_Task brief_:
Setting aside any pictures, reproduce the data exactly.

_Given information_:

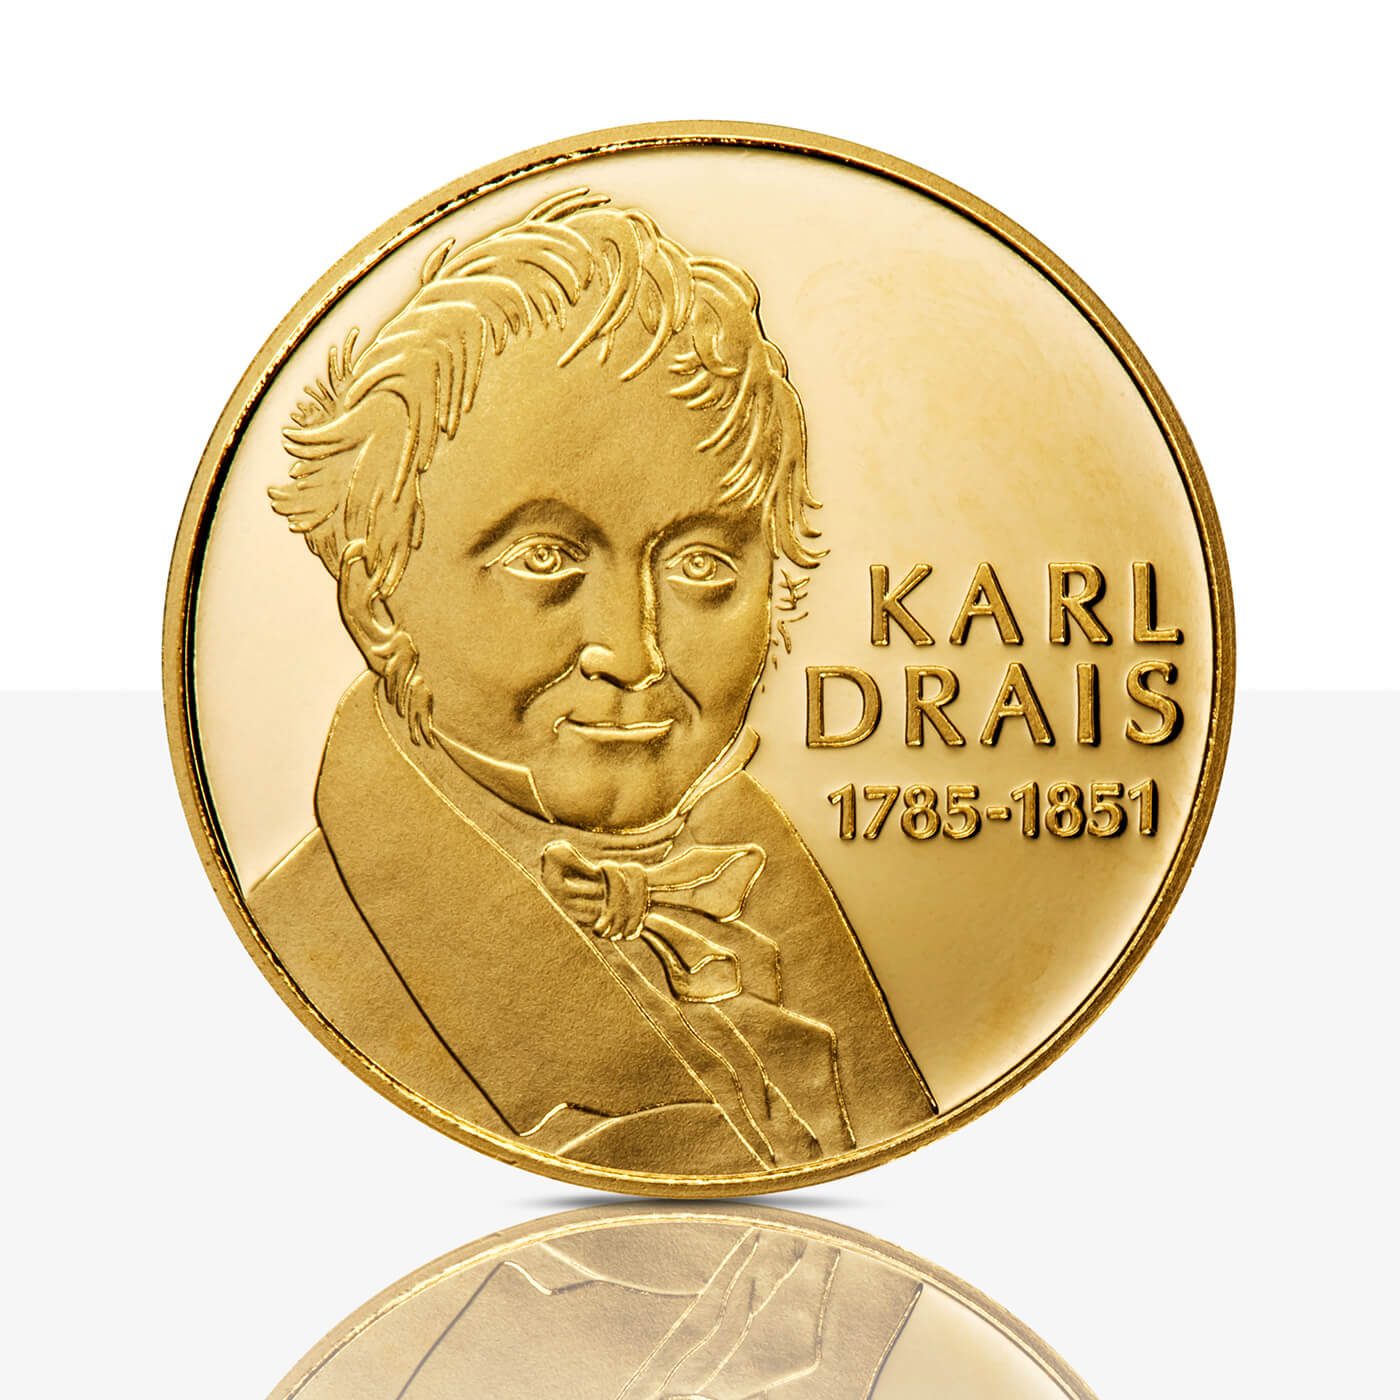 art medal Drais gold front side
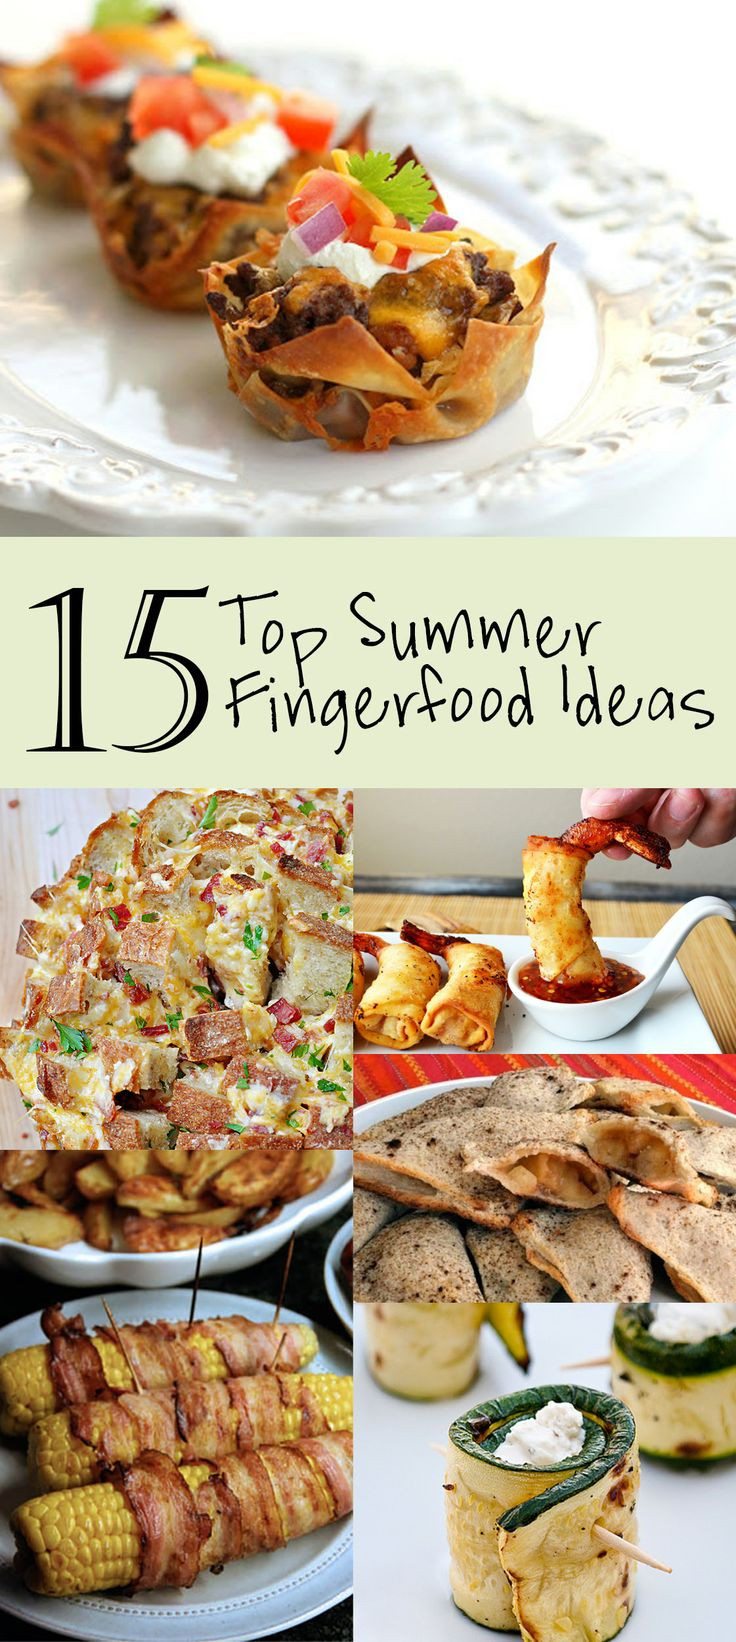 Summertime Party Food Ideas
 Best 25 Summer finger foods ideas on Pinterest

_Exercise solution_:
 art medal Drais gold front side
 Summertime Party Food Ideas
 Best 25 Summer finger foods ideas on Pinterest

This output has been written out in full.